The output impedance was a little higher than average for a solid-state design, at 0.23 ohm at bass and midrange frequencies, rising inconsequentially to 0.25 ohm at 20kHz. There are therefore modest, ±0.2dB response variations visible when the MX-R drives our standard simulated load (fig.1, top trace at 2kHz). Into a resistive load, the amplifier has a very wide small-signal bandwidth, its output being just 2.4dB down at 200kHz, though the bandwidth does decrease slightly into lower impedances. Even so, the audioband response is still flat, even into 2 ohms, and the 10kHz squarewave response into 8 ohms features very low risetimes, with no overshoot or ringing visible (fig.2). The 1kHz squarewave (fig.3) was essentially perfect.
Fig.1 Ayre MX-R, frequency response at 2.83V into (from top to bottom at 2kHz): simulated loudspeaker load, 8, 4, 2 ohms (0.5dB/vertical div.).
Fig.2 Ayre MX-R, small-signal 10kHz squarewave into 8 ohms.
Fig.3 Ayre MX-R, small-signal 1kHz squarewave into 8 ohms.

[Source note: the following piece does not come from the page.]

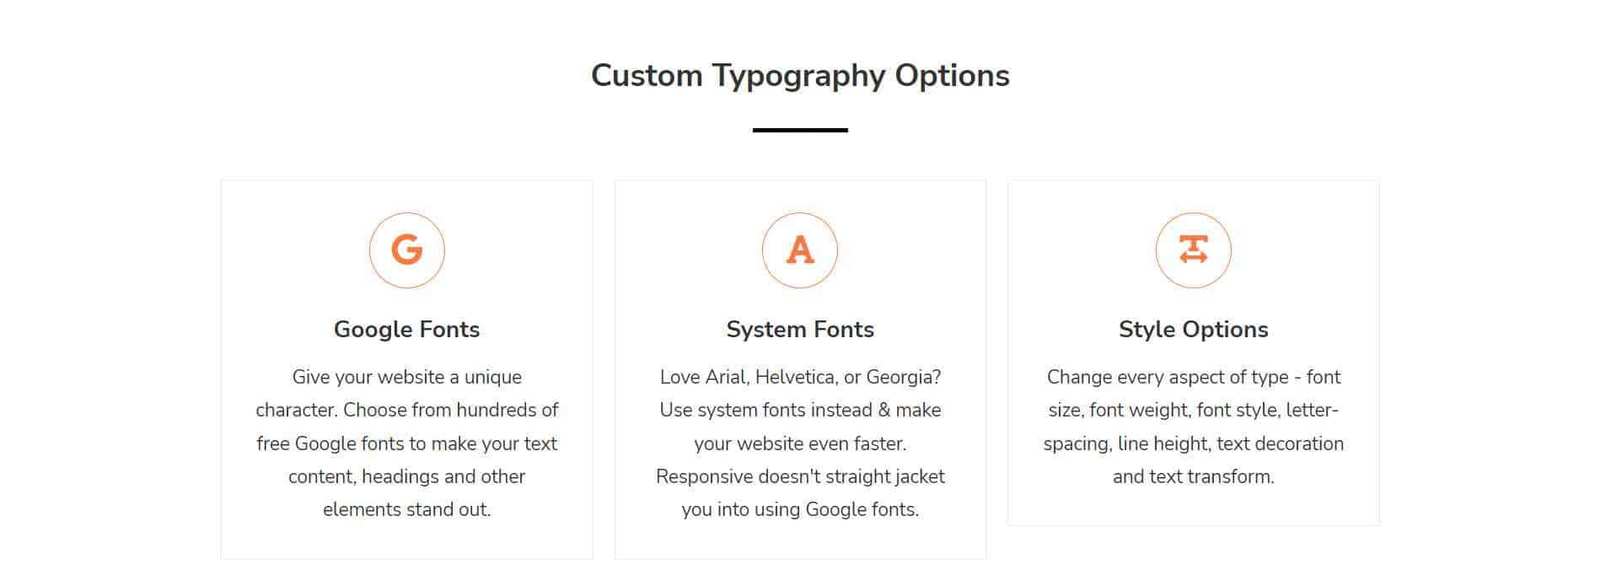 Custom Typography Options

To its credit, the MX-R seemed immune to all the various grounding schemes I tried between it and the Audio Precision test set. However I hooked it up, the unweighted, wideband signal/noise ratio (ref. 2.83V into 8 ohms) was a good 79.6dB, this increasing to an excellent 90dB when the measurement bandwidth was restricted to the audioband and to 92.5dB when A-weighted.
As well as having low noise, the MX-R output a lot of power. Fig.4 shows how the THD+N percentage changed with output power into 8, 4, and 2 ohms. Taking 1% THD+N as the clipping point and driving the MX-R with a 1kHz sinewave, the amplifier clipped at no less than 360W into 8 ohms (25.6dBW), a useful 0.8dB above the specified 300W. The MX-R clipped at 640W into 4 ohms (25.05dBW), again higher than specified. However, when I tested the continuous output power into 2 ohms (fig.4, top trace), the amplifier shut itself off at 775W (22.9dBW) and the front-panel LED went from a continuous blue to flashing red.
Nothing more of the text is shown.